A Quick Note About These Recipes

This blog is a labor of love and a work in progress. I hope to have all of my personal recipes translated and uploaded by November of this year. I have a LOT of recipes, some loaded into several spreadsheets on my computer, some filling notebooks and journals, with others written on flash cards or scraps of paper scattered throughout my home. Add the revisions of recipes tucked into (or written directly onto the pages of) about 2 floor to ceiling shelving units worth of cookbooks, and you have an idea of my life-long obsession with food.

I list measurements in both US Standard and Metric weights because I live in the US, but have family and friends who live in the UK. This is also why I list both Farenheit and Celsius temperatures.  There are other types of temperature scales (Kelvin comes to mind), but I am not as familiar with them, and until I get a better feel for the conversion rates for them, I am reluctant to set anyone up to burn otherwise good food.

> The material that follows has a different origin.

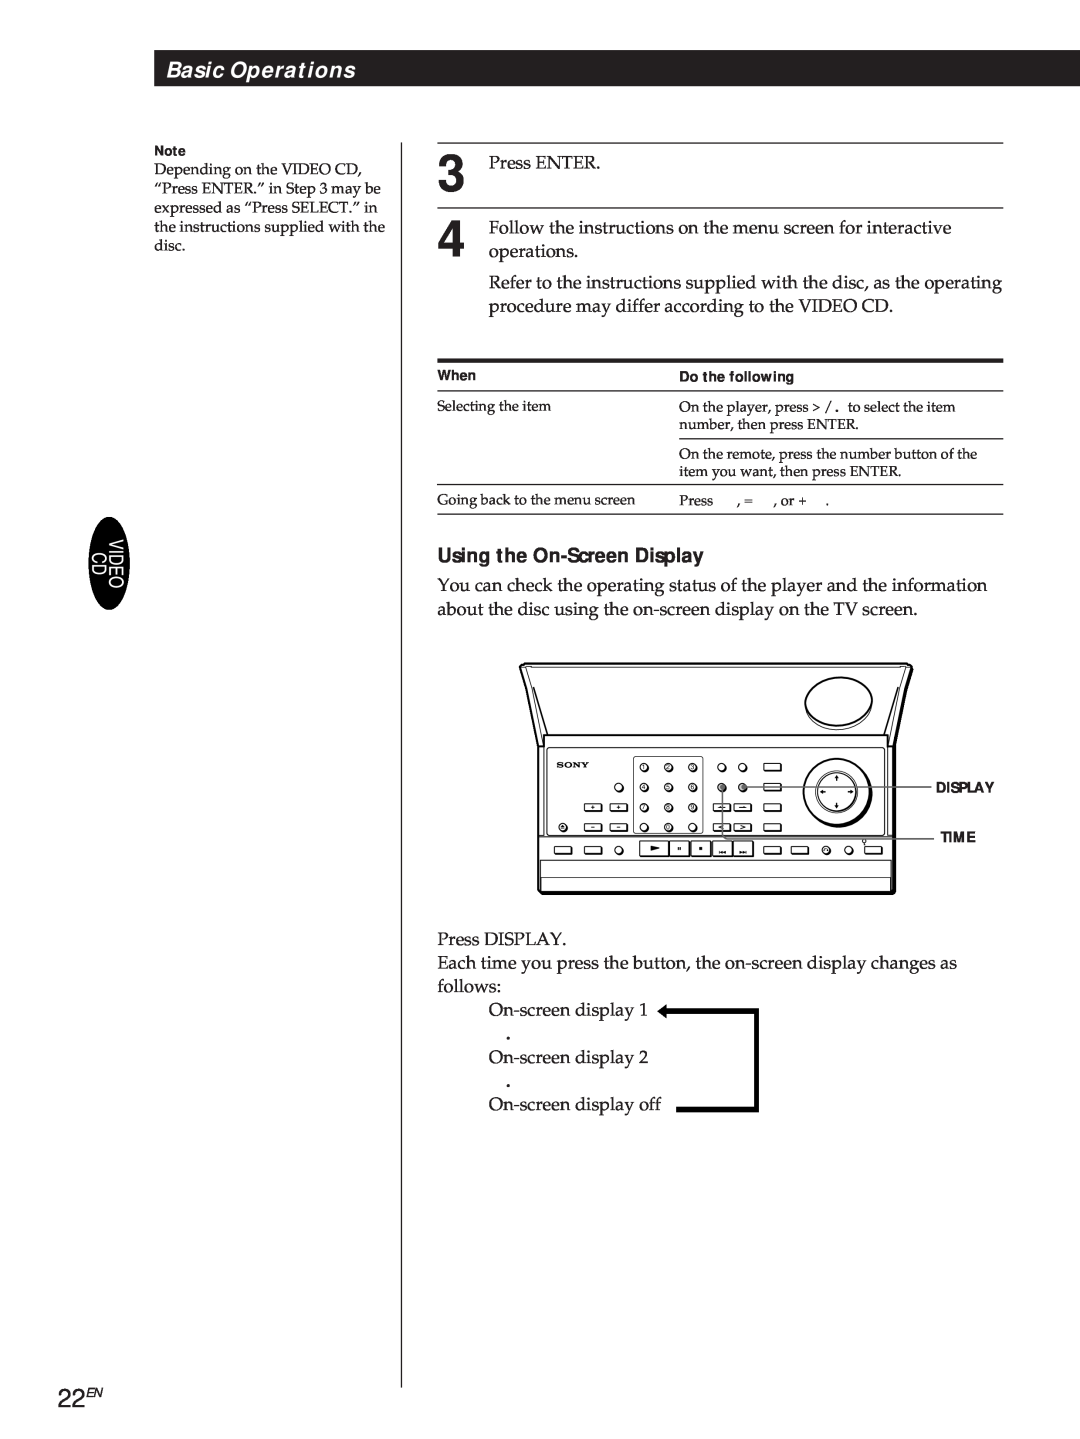 Sony DVP3980 manual 22EN, Basic Operations, Using the On-Screen Display, When, Do the following

My favorite free online metric conversion site can be found here: http://www.metric-conversions.org – all you do is choose what needs to be converted to what, and plug in the numbers.

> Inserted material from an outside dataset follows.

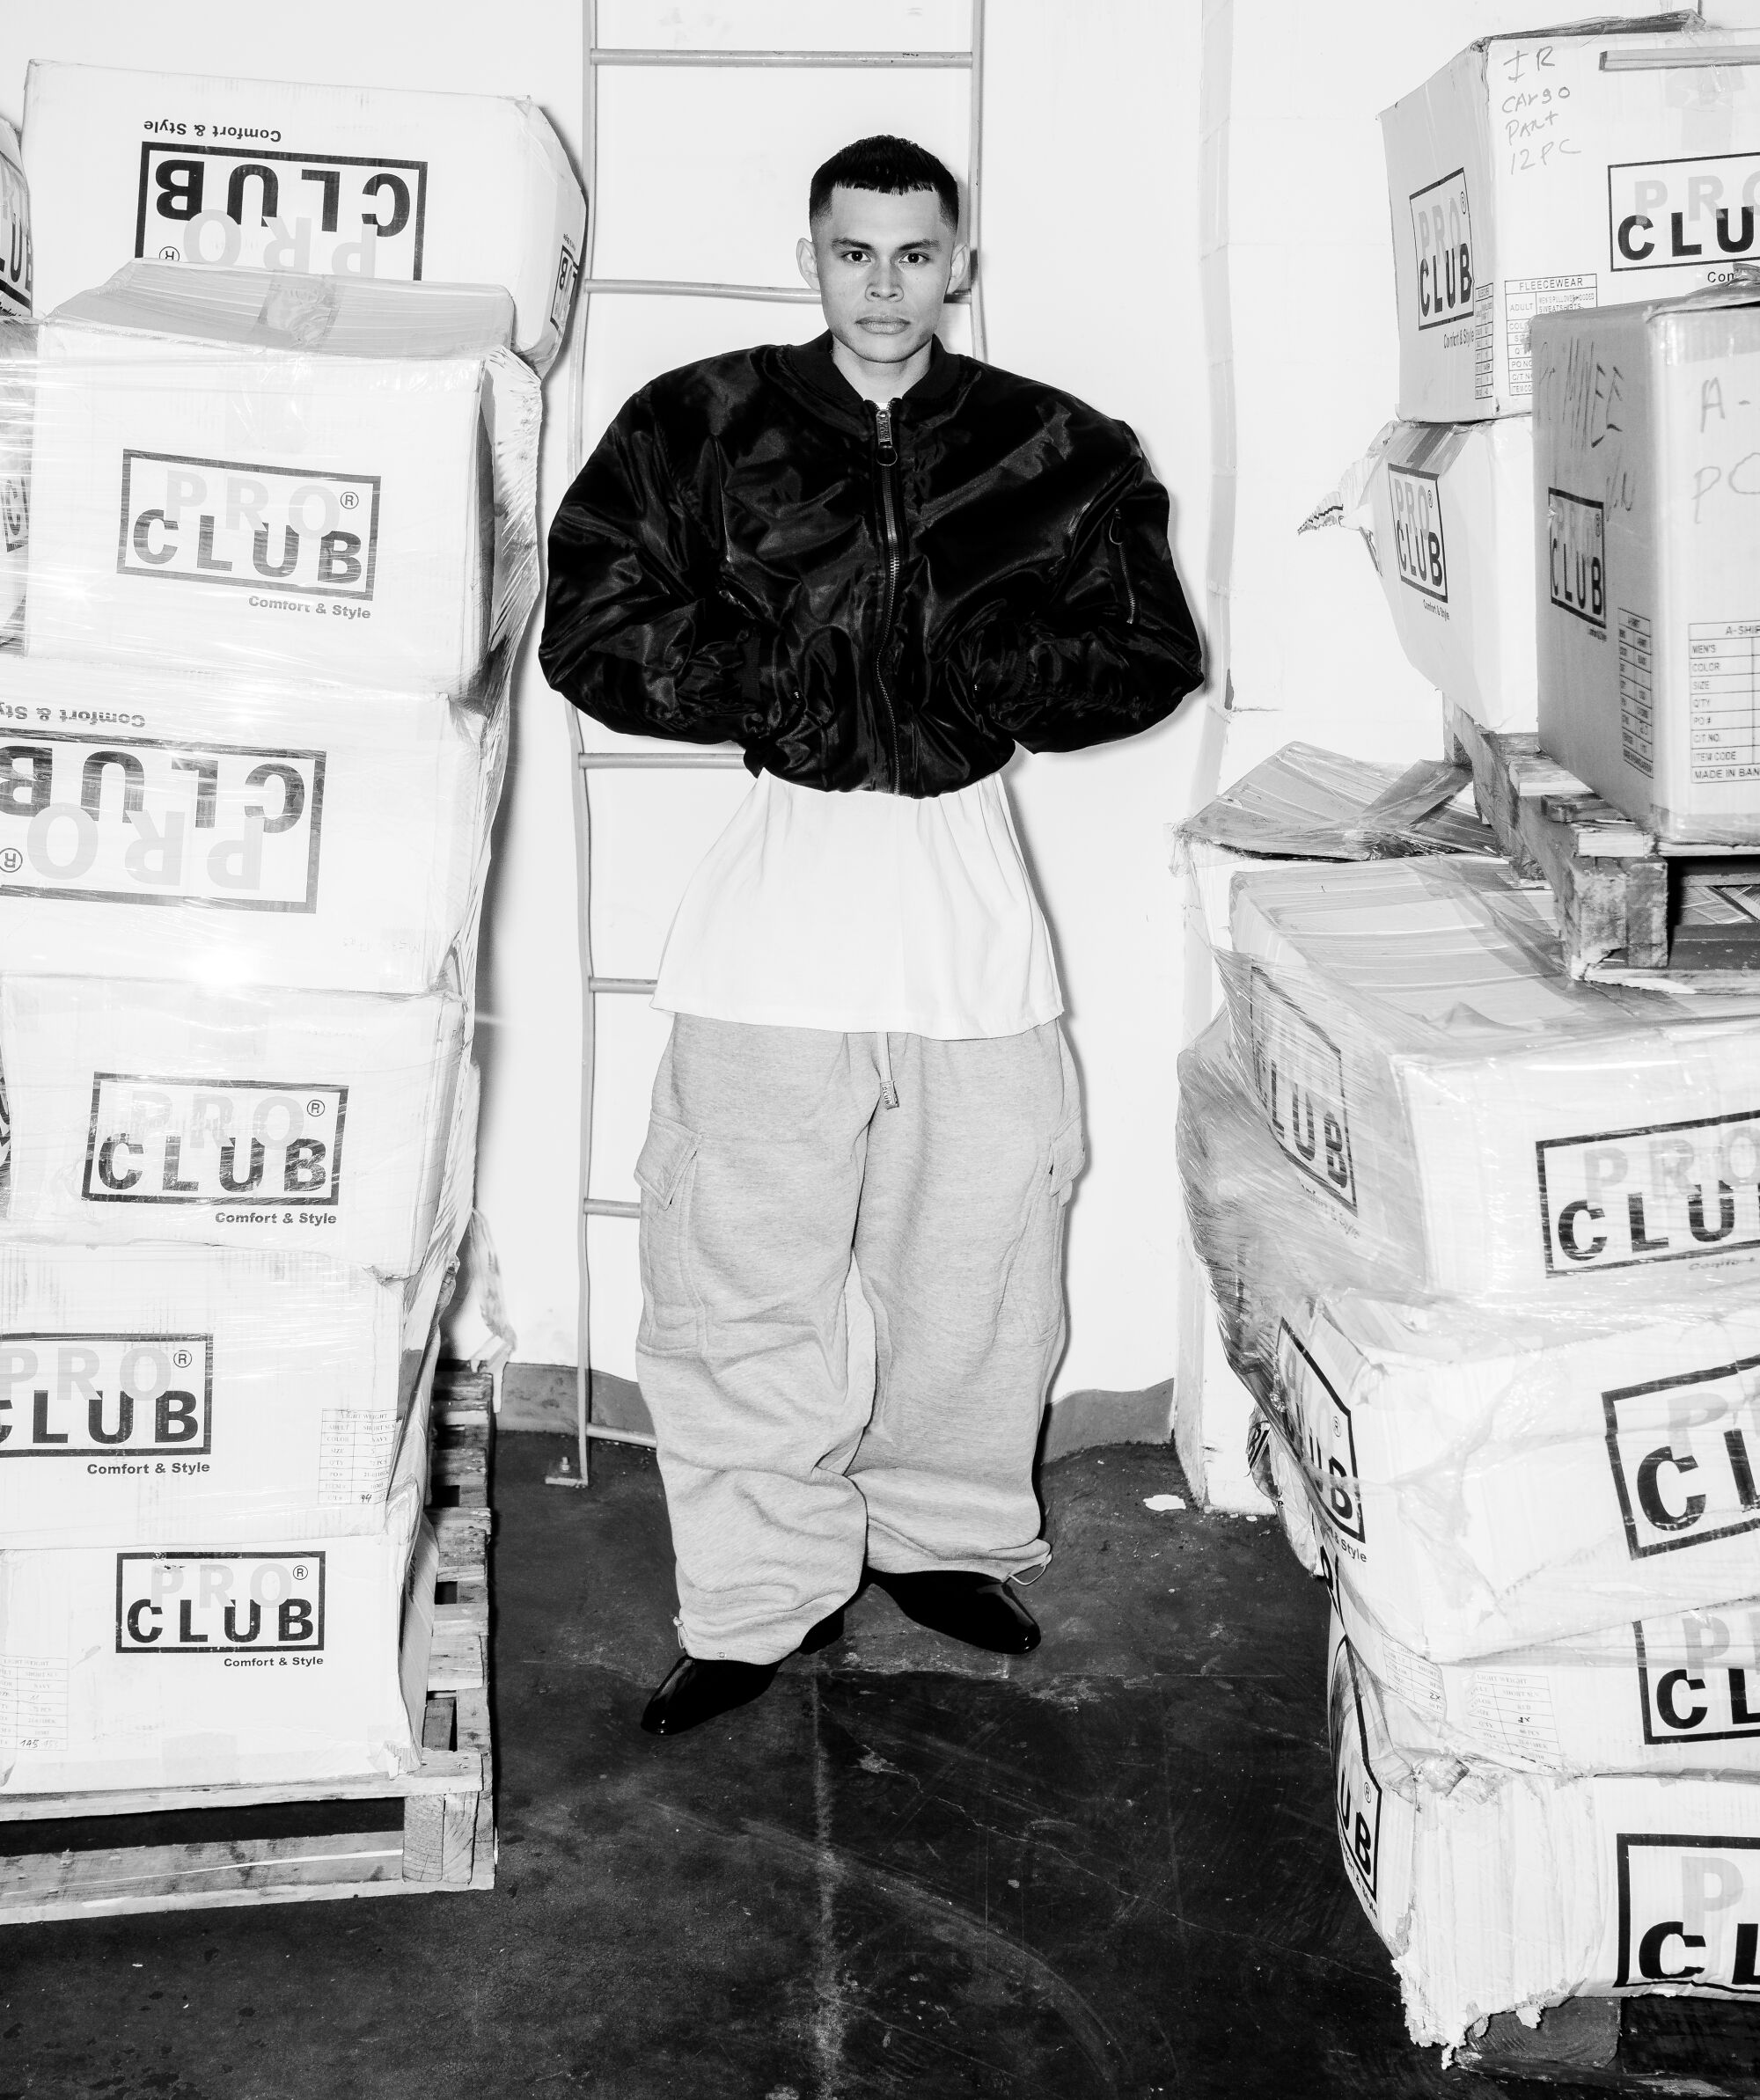 A model stands in a Pro Club warehouse.

What My Abbreviations Mean:

wz stands for weight ounce

fz stands for US fluid ounce (I know there is a very slight difference between the US and UK fluid ounces, but I have been unsuccessful working out the exact conversion to my satisfaction. All liquids are weighed on my kitchen scale).

L stands for litre

mL stands for millilitre

g stands gram

kg stands for kilogram

# stands for pound

F stands for Farenheit

C stands for Celsius

tsp stands for US teaspoon

TBS stands for US tablespoon

A pinch works out to roughly 1/8 tsp, but isn’t meant or required to be an exact measure

Scaling Recipes:

If you like a recipe, but need to increase it by more than double or decrease to less than half, please send me a note so I can give you the proper measurements and adjusted cooking times.  Ratios of many ingredients don’t change exponentially in most recipes – especially baked goods and sauces.

Ingredient Substitutions:

All of my ingredients are, by nature, things I have access to here at home. Whenever possible, I will try to list alternate names (or full substitutions) when I know about them. If a recipe contains something you are unfamiliar with, put a comment under that recipe indicating what you cannot find, and I will be happy to find out what you can use in your neck of the woods.

Special Requests:

Please allow me a day or two to reply to your request. Scaling is pretty quick, but sometimes ingredient substitutions take a bit of research, and with time differences, it can take a little extra time. I will get your answer for you as quickly as I possibly can, though.